> _ACTIVITY_
Each line of the data below between the one containing "Puccini, Giacomo, 22.12.1858" and the one containing "Hanging with the Candy Crush Soda Saga team", both included, is to be repeated exactly. Please omit pictures.

> _TASK DATA_

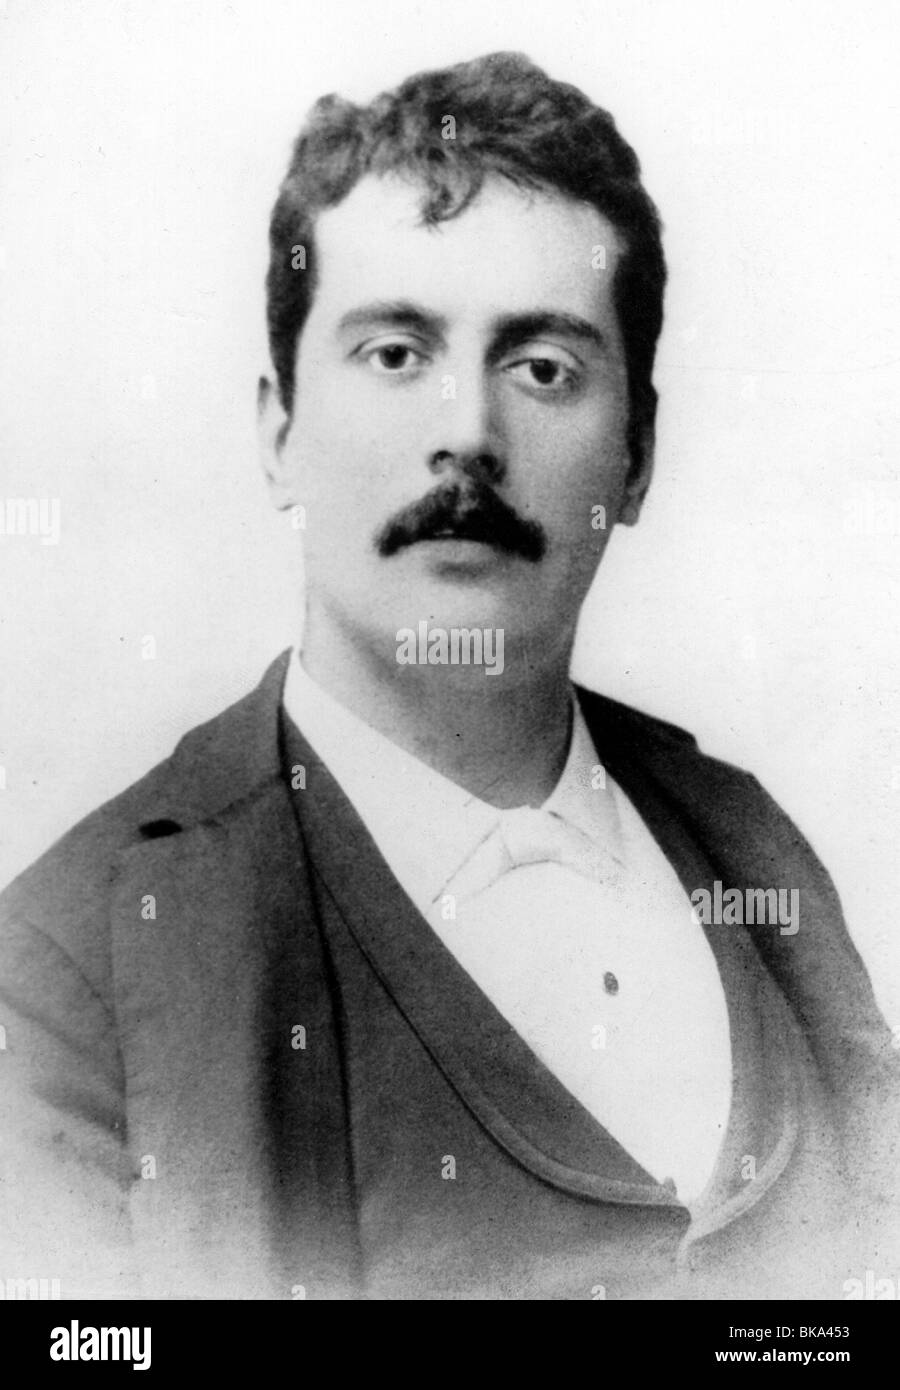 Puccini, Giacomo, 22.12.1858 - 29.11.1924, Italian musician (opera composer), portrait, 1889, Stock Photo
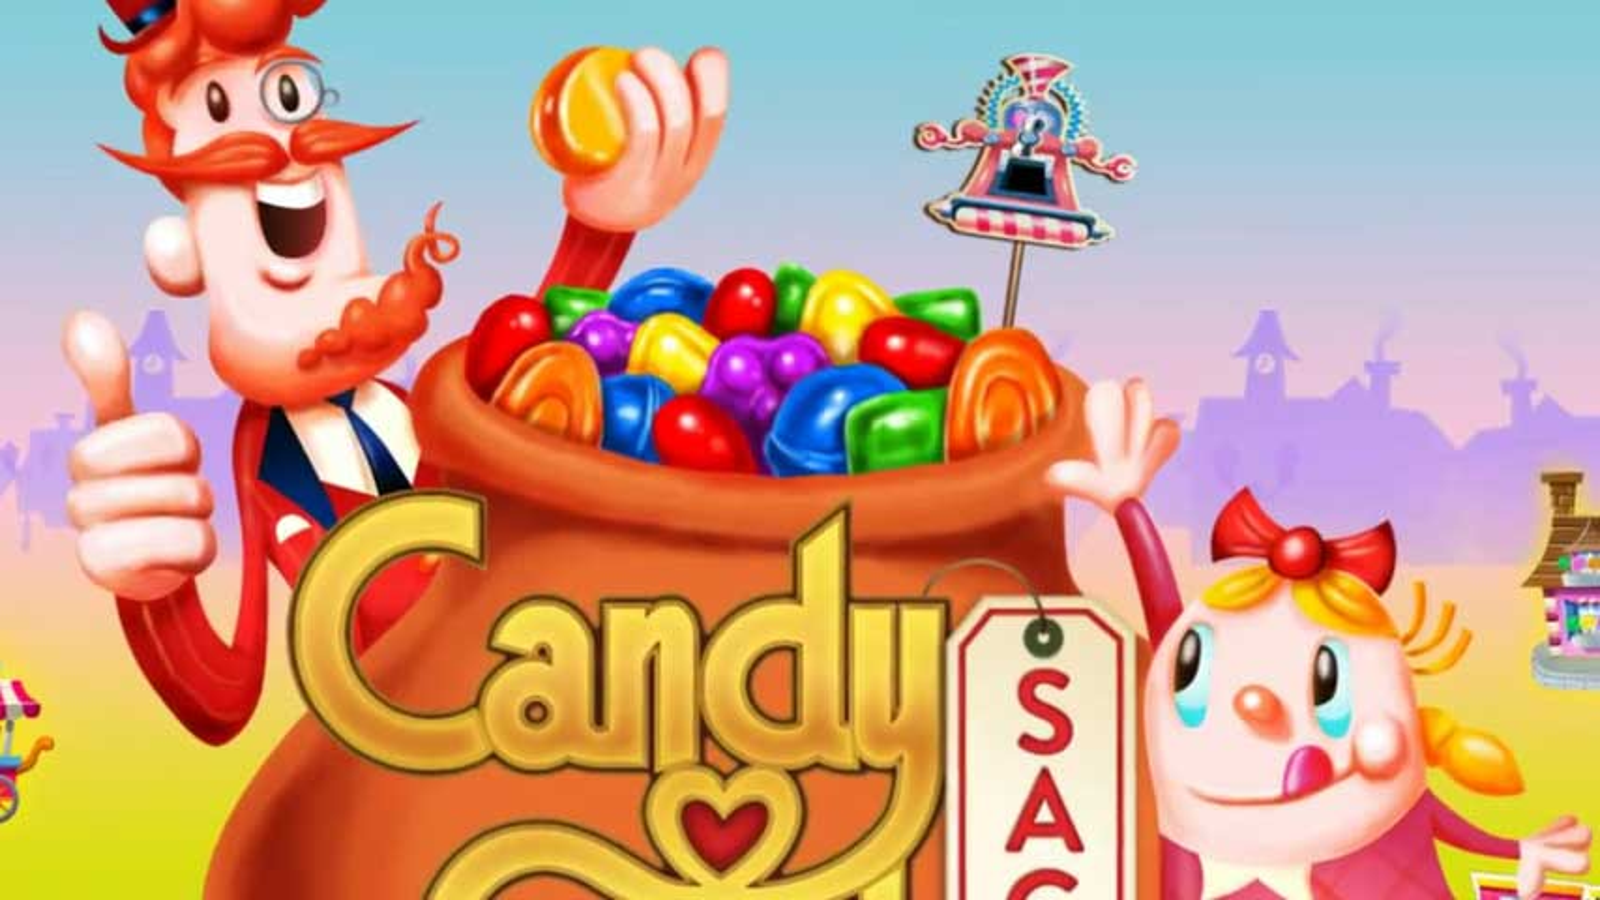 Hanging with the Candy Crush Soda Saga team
* * *
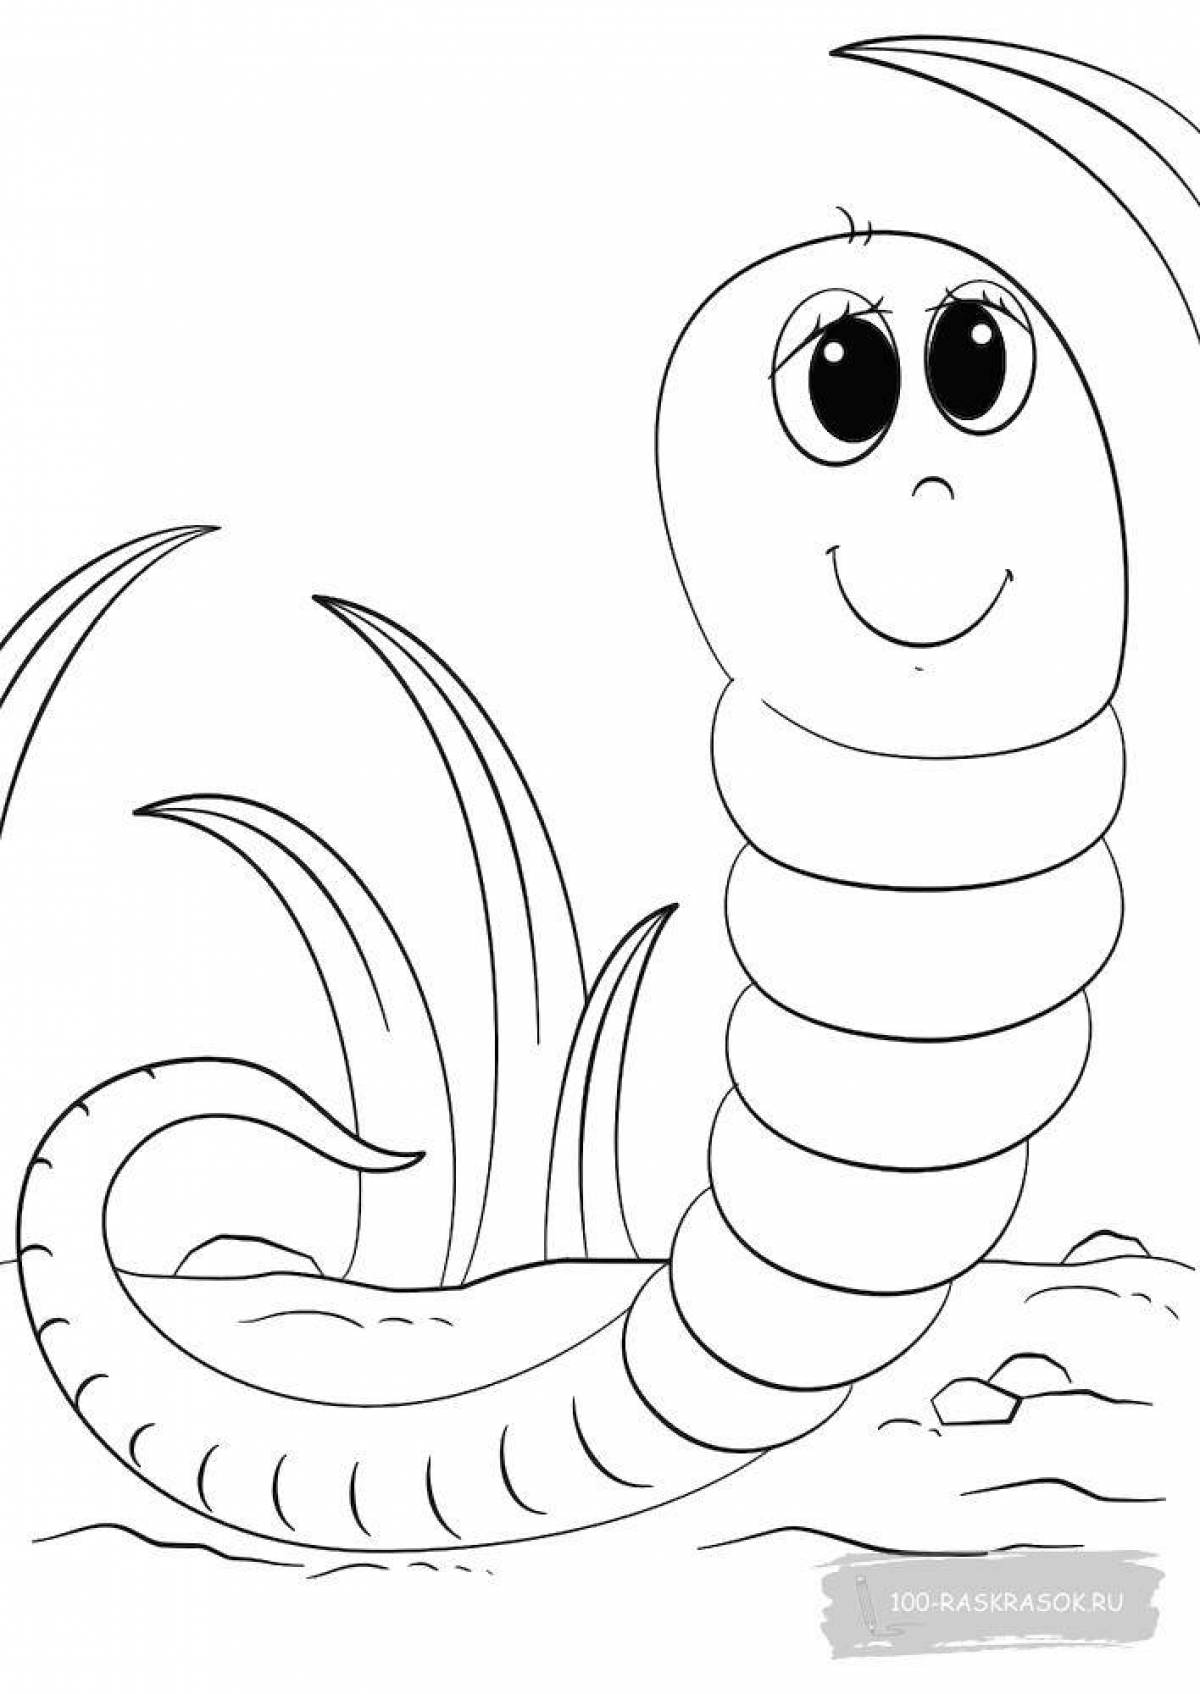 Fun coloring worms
* * *
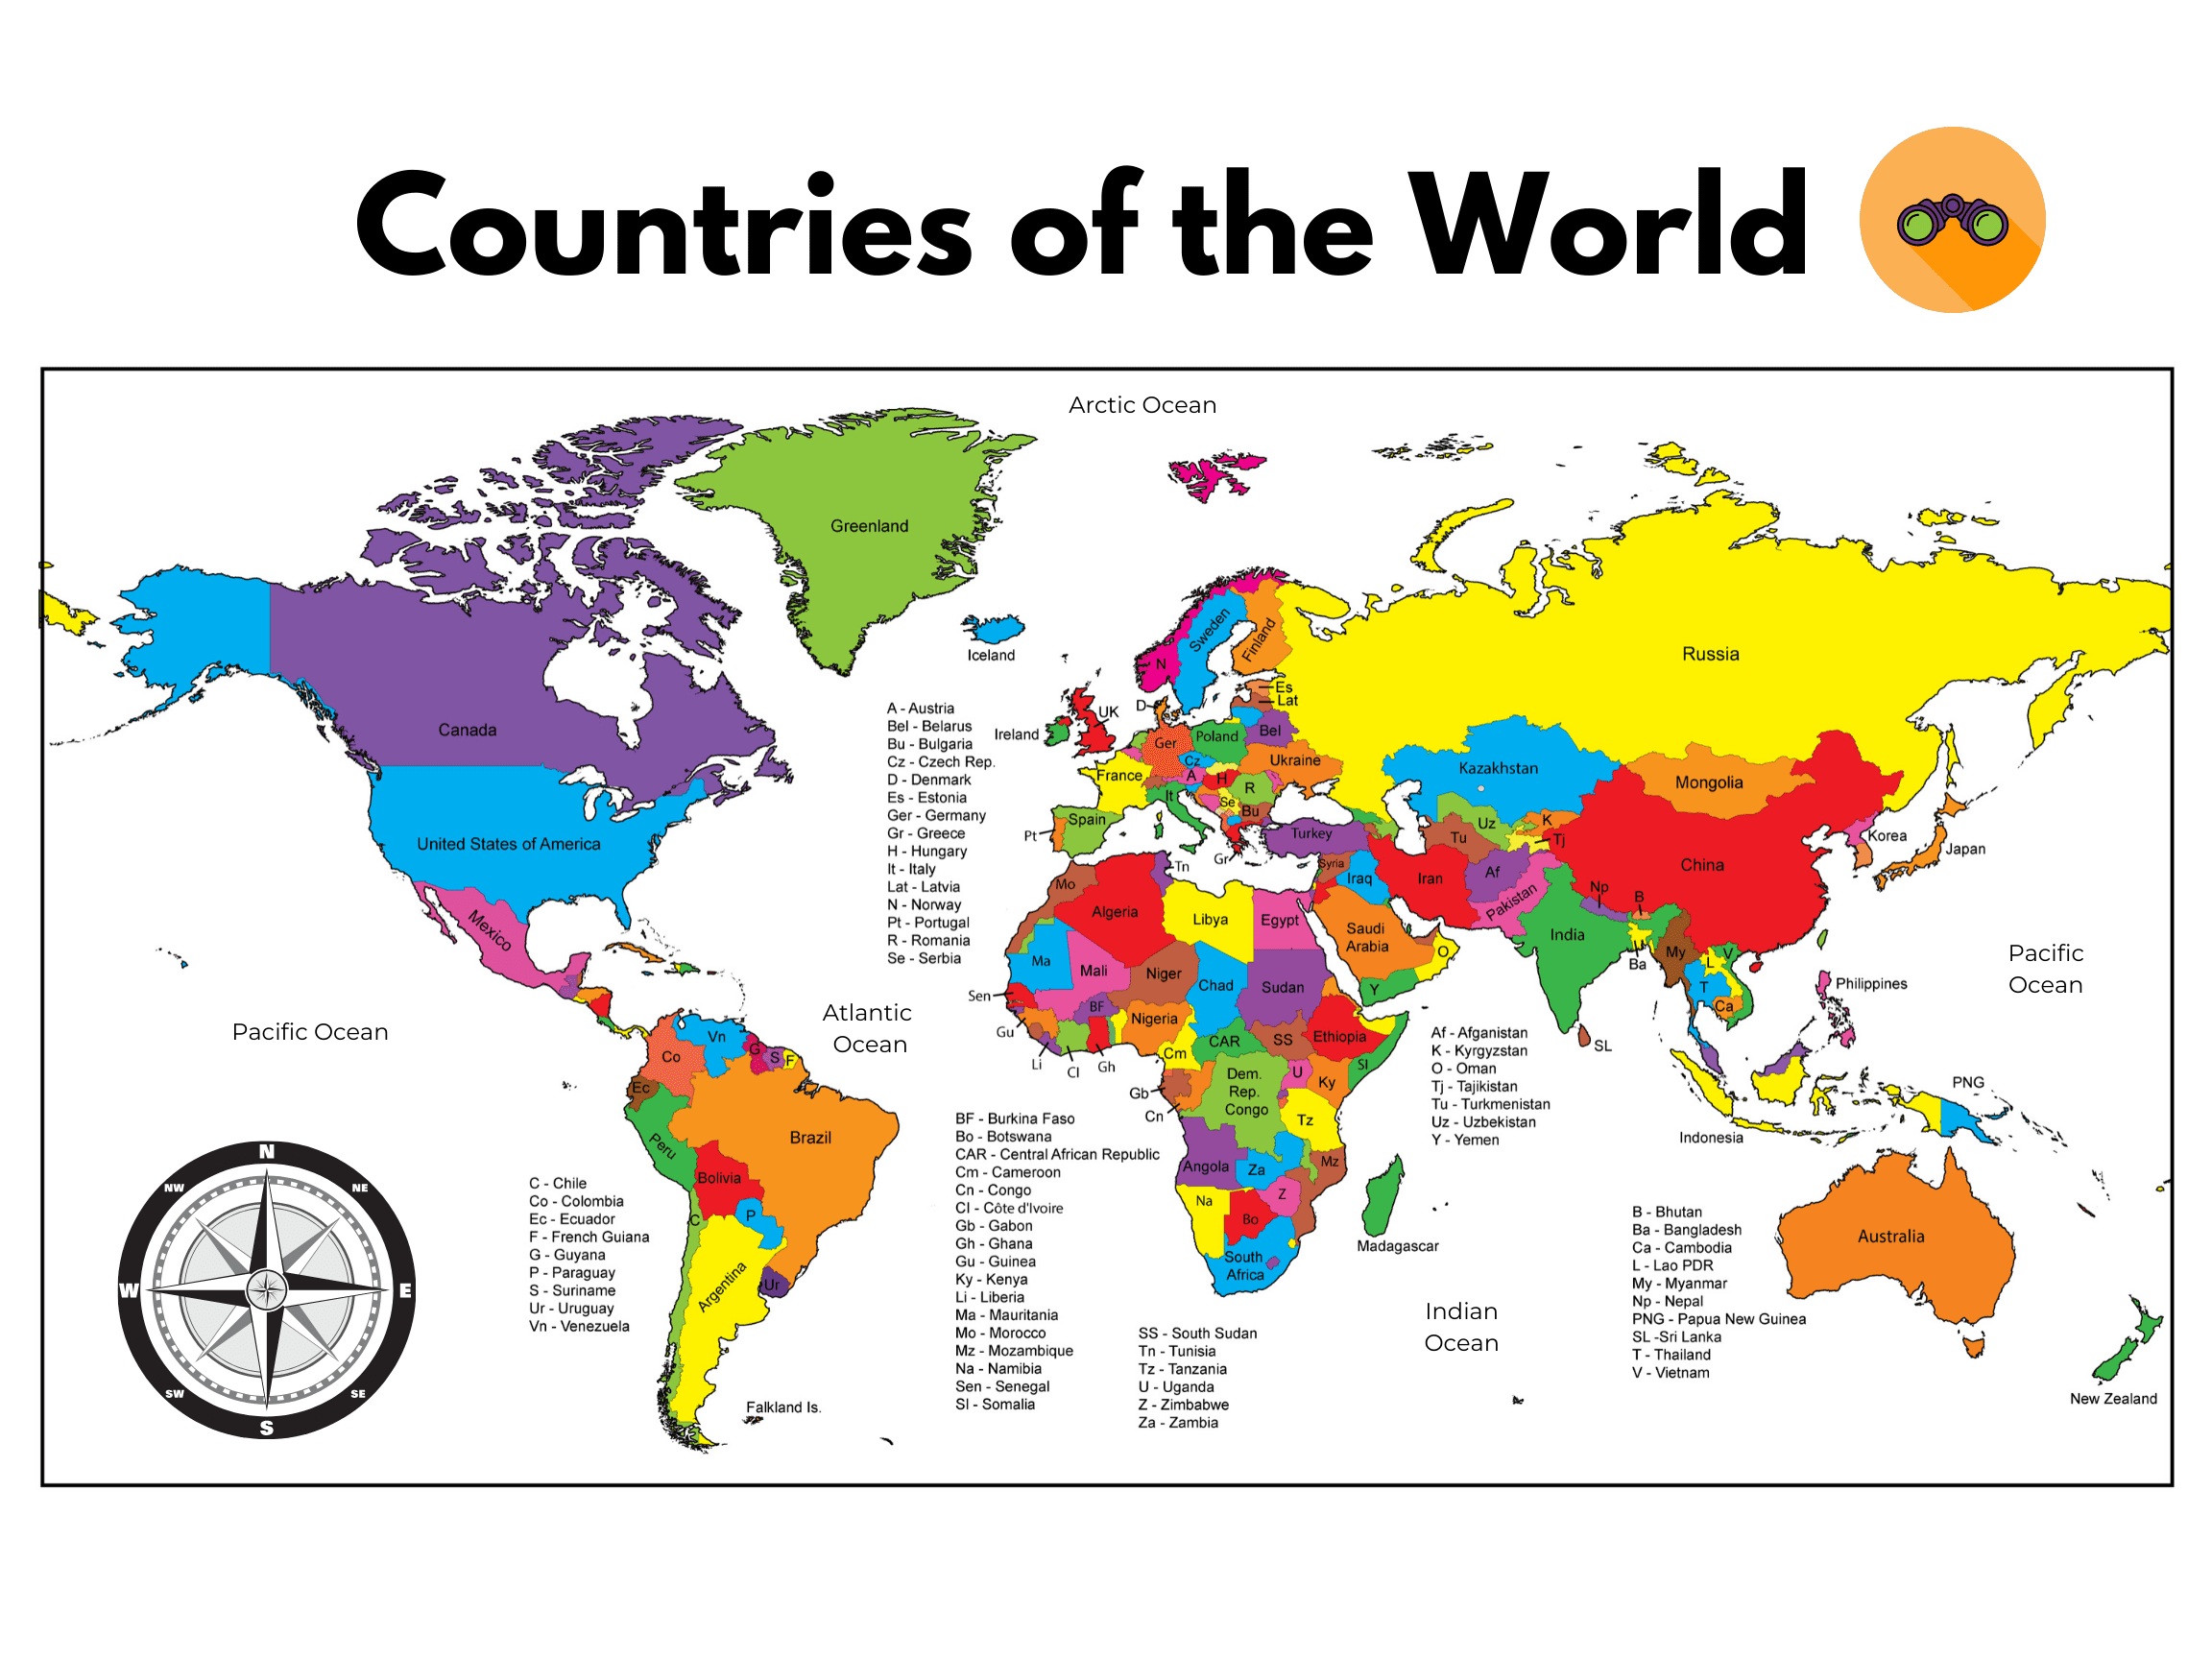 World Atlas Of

> _WRITTEN REPLY_
 Puccini, Giacomo, 22.12.1858 - 29.11.1924, Italian musician (opera composer), portrait, 1889, Stock Photo
 Hanging with the Candy Crush Soda Saga team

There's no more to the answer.